**BRIEF**. Your task is to transcribe all of the data below exactly, omitting the images.

**DATA SHOWN**.

=== Begin Enclosure ===

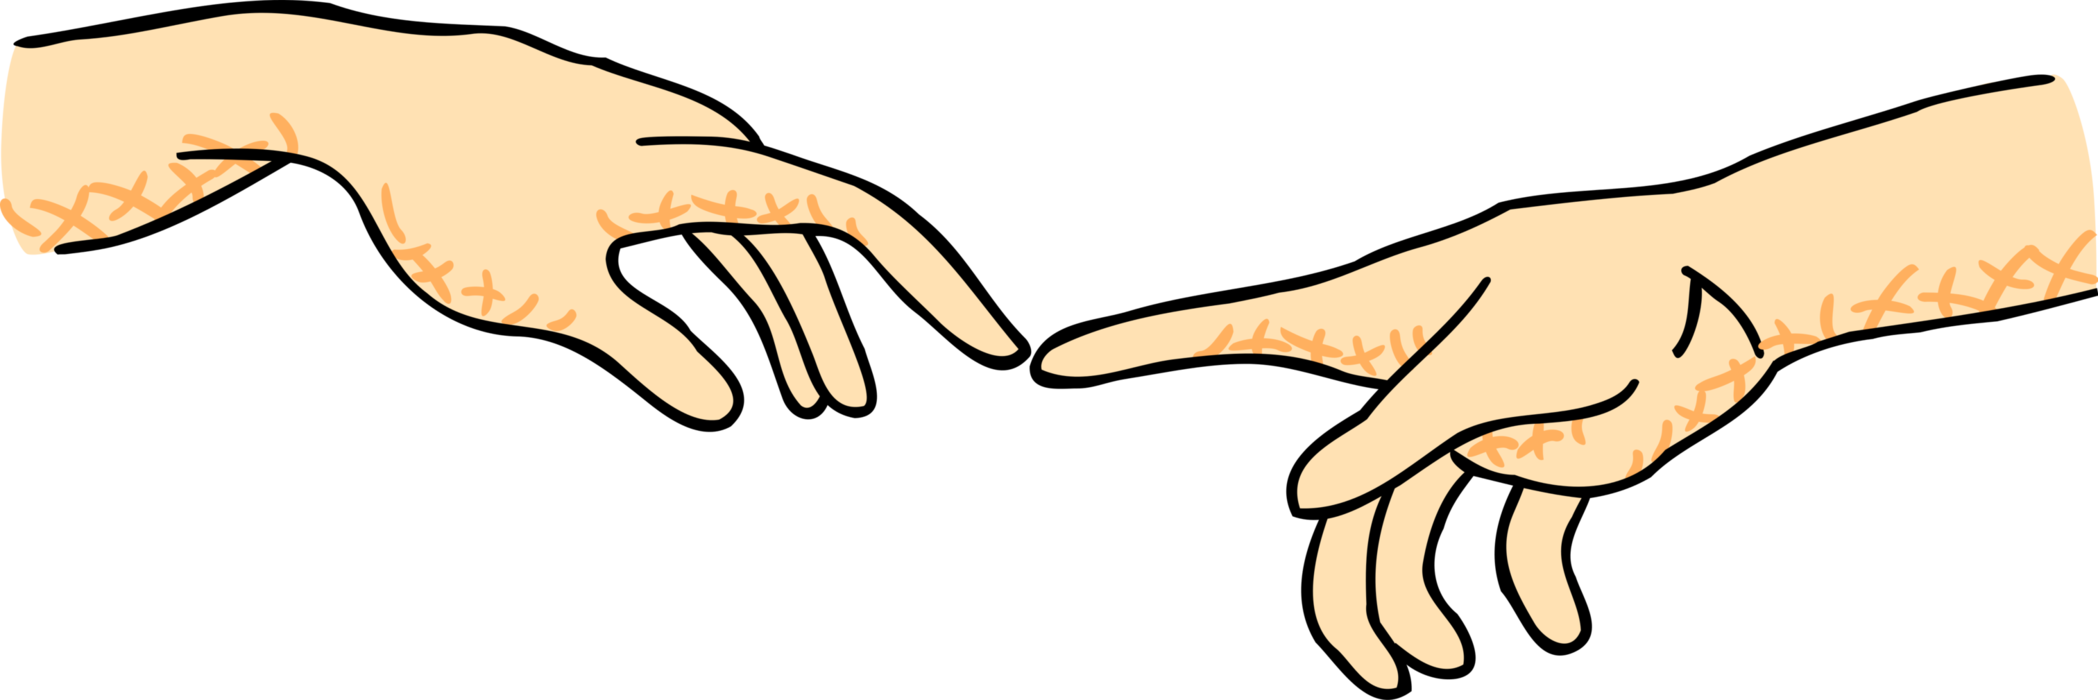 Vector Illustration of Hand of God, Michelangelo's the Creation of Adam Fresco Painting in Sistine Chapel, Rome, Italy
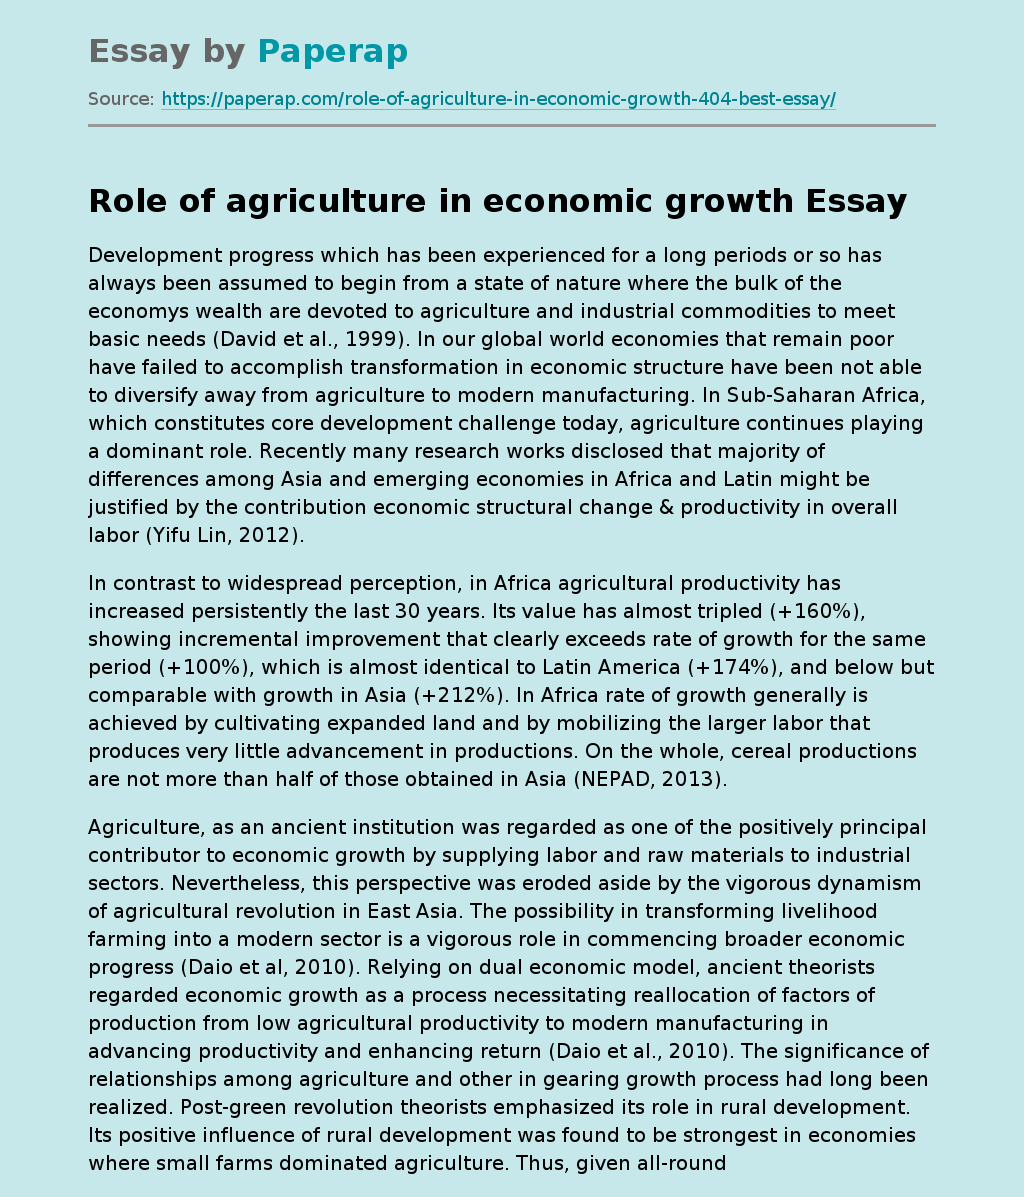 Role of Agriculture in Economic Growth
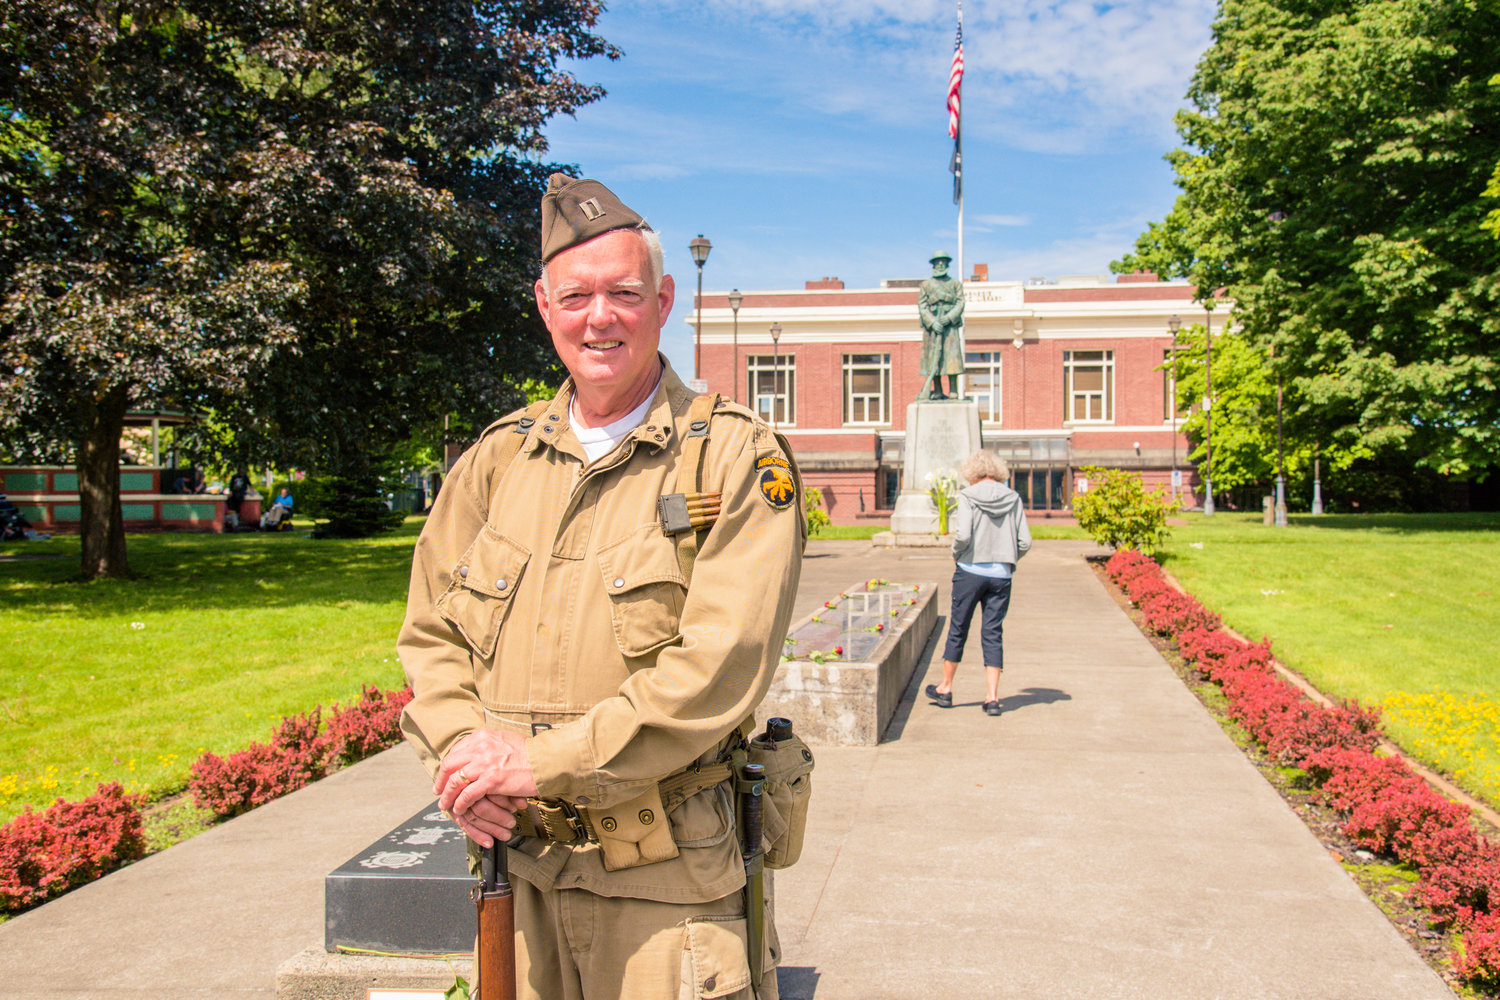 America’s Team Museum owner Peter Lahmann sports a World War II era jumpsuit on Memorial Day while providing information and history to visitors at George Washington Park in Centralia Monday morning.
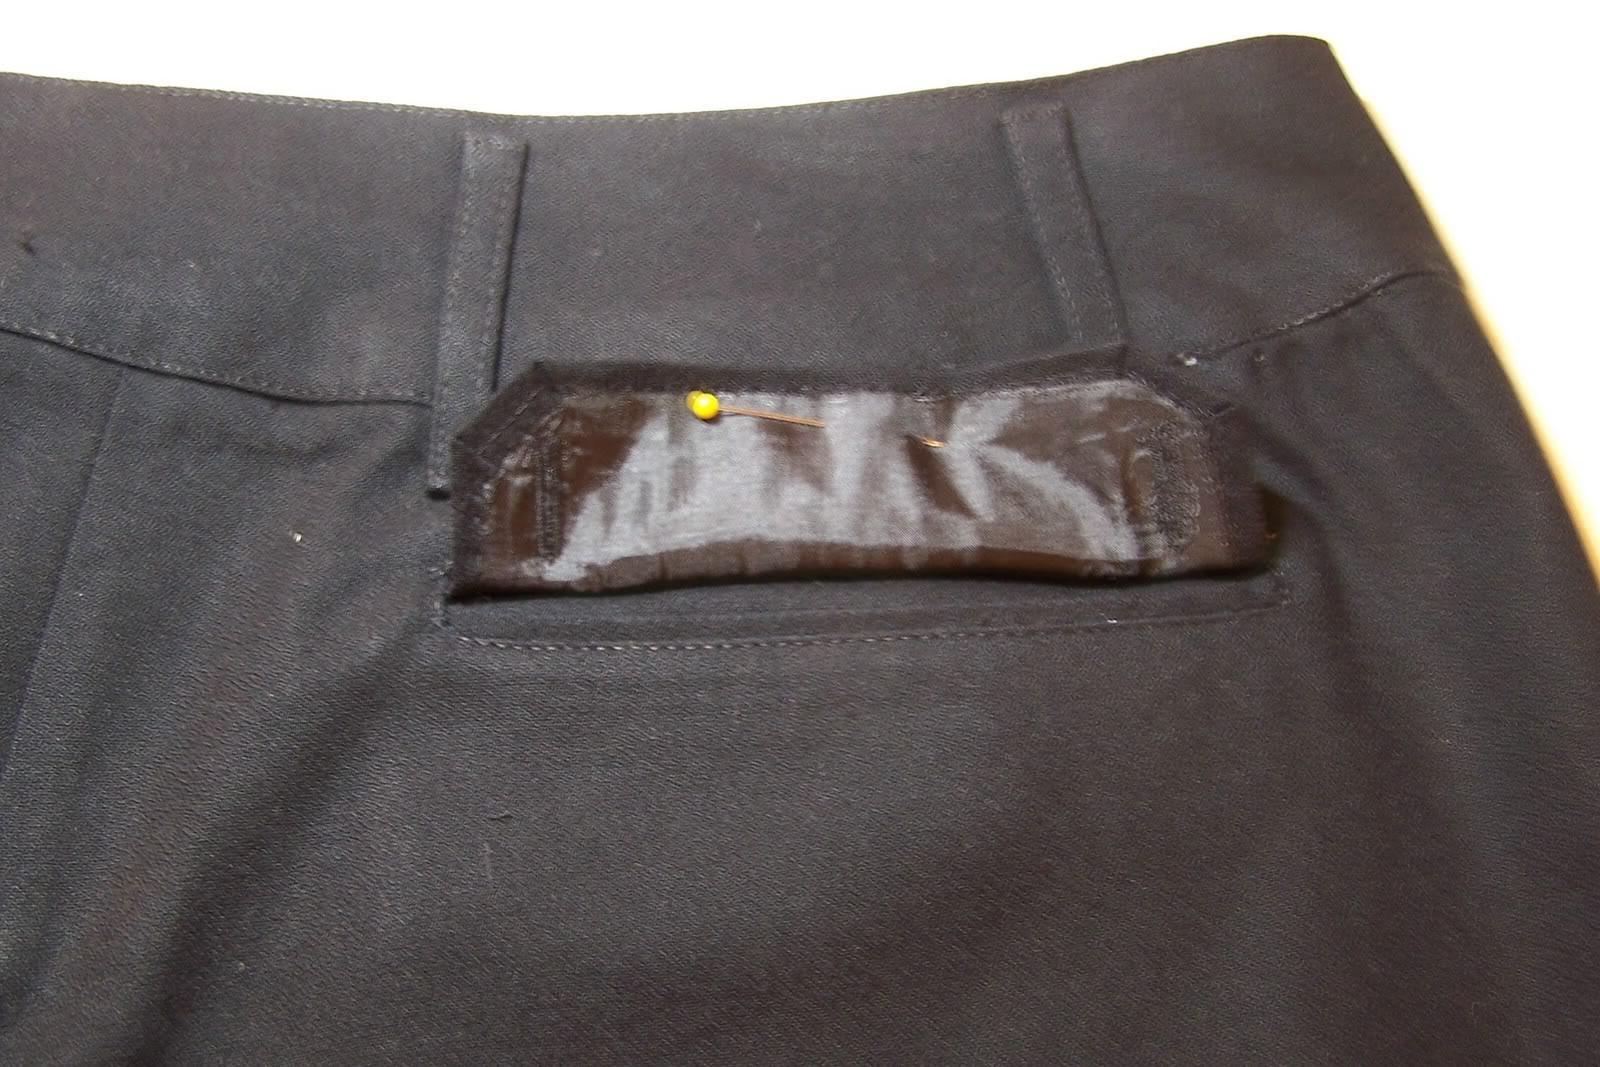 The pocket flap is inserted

=== End Enclosure ===

**ANSWER FOR THIS EXERCISE**.
 Vector Illustration of Hand of God, Michelangelo's the Creation of Adam Fresco Painting in Sistine Chapel, Rome, Italy
 Role of Agriculture in Economic Growth
 America’s Team Museum owner Peter Lahmann sports a World War II era jumpsuit on Memorial Day while providing information and history to visitors at George Washington Park in Centralia Monday morning.
 The pocket flap is inserted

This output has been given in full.